Quick disclaimer: the above tales of tasteful indie-rock and relatively wholesome crowds don’t quite carry into the early hours of La Route du Rock, as the festival turns into a dance arena, and all those sips of wine gradually get turned into loose-limbed techno moves. After Nils Frahm’s pin-drop piano transcendence on Saturday, Berlin DJ Ellen Allien hammers out rave stabs, acid and the nosebleed industrial techno of Schwefelgeb halfway through, so no guesses how the rest of her set panned out. Minimal Wave label boss Veronicka Vasicka doesn’t offer much of a breather right after, playing granular techno, industrial brutalism, a bit of DAF and Kraftwerk’s ‘Numbers’ through an EBM mincer. We bump into Josh T Pearson near the front at Vasicka – unmissable in a red trucker hat and a white tee & blue jeans 1985 Springsteen combo – and give him high-fives for his early evening main stage set, heavy on his new honky-tonk country-punk album The Straight Hits!, even if he apologised at the time for not playing his usual “sad bastard songs”. Having a little techno dance with Pearson wasn’t exactly on the bucket list, but it’s a suitably surreal end to a full-on night.

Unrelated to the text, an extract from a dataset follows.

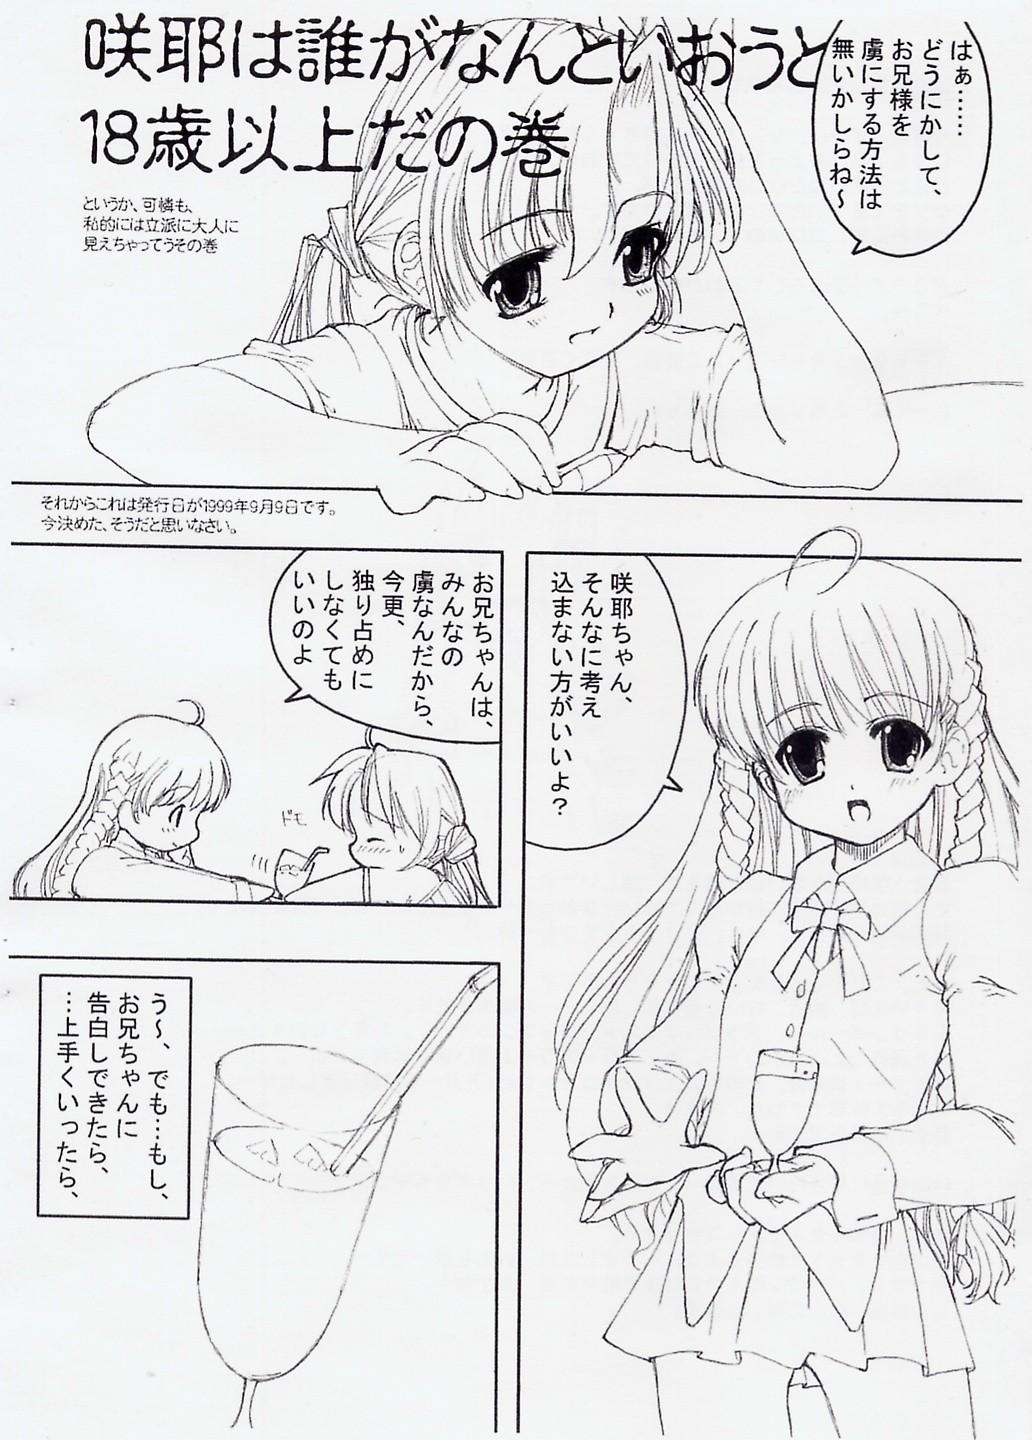 Playing Sakuya's Note - Sister princess Foreskin - Page 3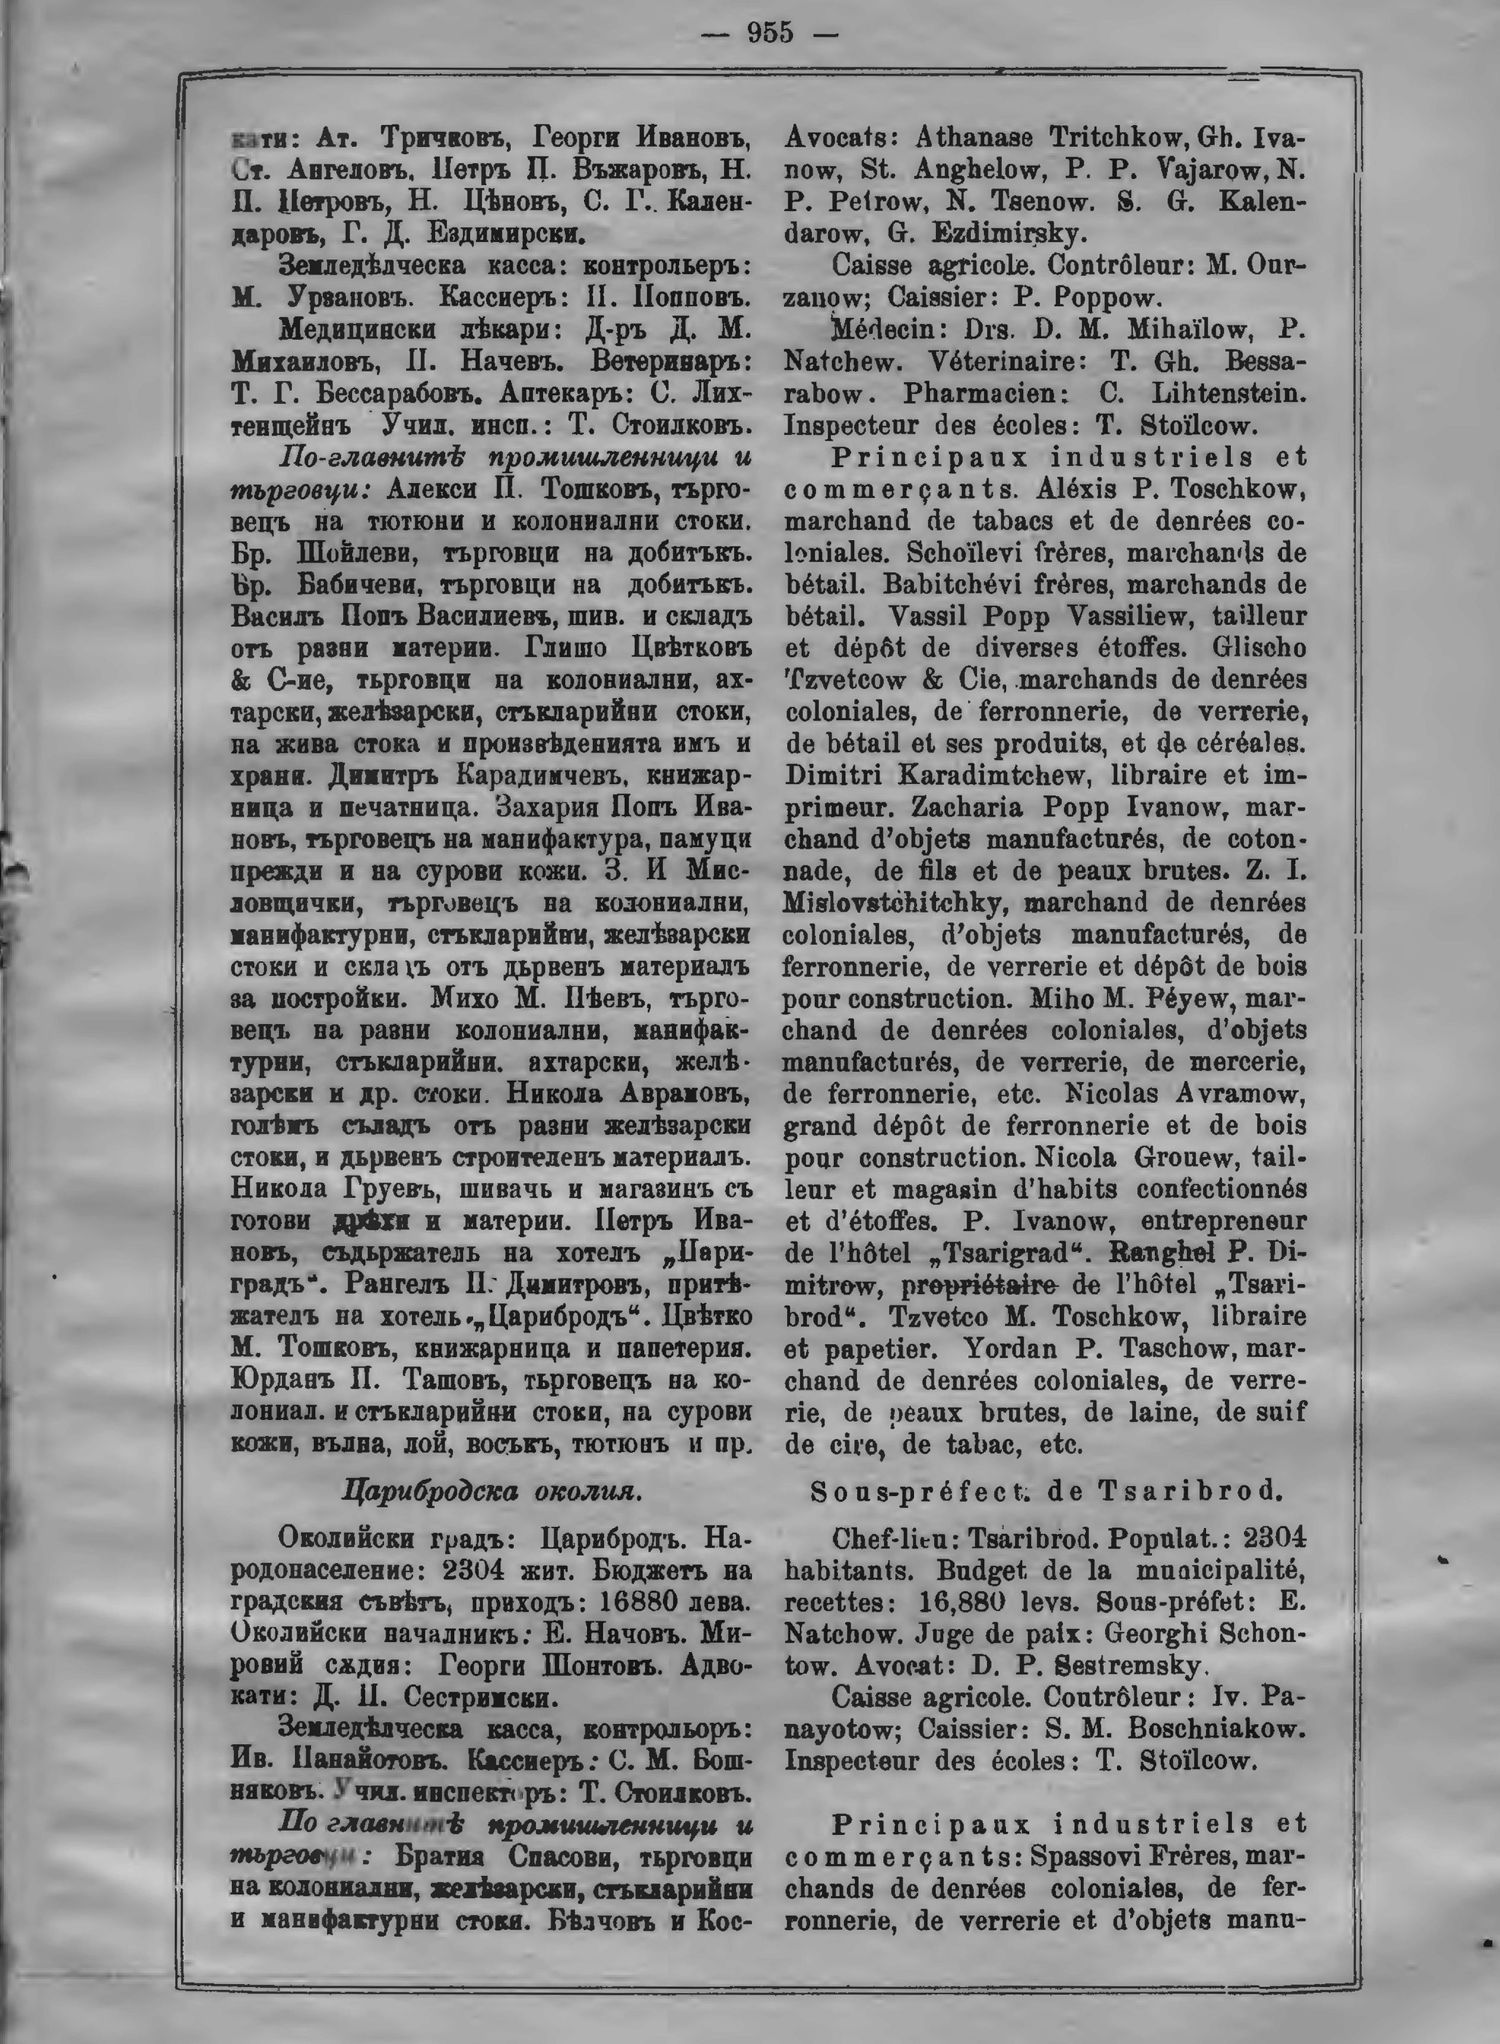 14_Almanah_1898_page_955

The Black Madonna takes us to church for the closing party on Sunday, with two hours of joyous house backed by a psychedelic stained glass window backdrop. In the most unashamed taps-aff, dancing-on-shoulders, hug-a-stranger moment, she drops Harold Melvin’s disco-soul classic ‘Don’t Leave Me This Way’, and thousands of us try to hit the “aaaaaaah BABY!” high notes in the chorus. Failing of course, but failing brilliantly. It’s a pretty jubilant end to a festival that had plenty more moments where that came from.
After 27 years, La Route du Rock is a festival that inspires loyalty – proud locals use it as an annual gathering, a sort of thanksgiving, and two English heads in our group had been 10 and five times respectively. It feels like a comfort blanket – everything in its right place, from the impeccable curation, to the location and the warm welcomes, and maybe if I come back I’ll work out the two-cheek kiss thing.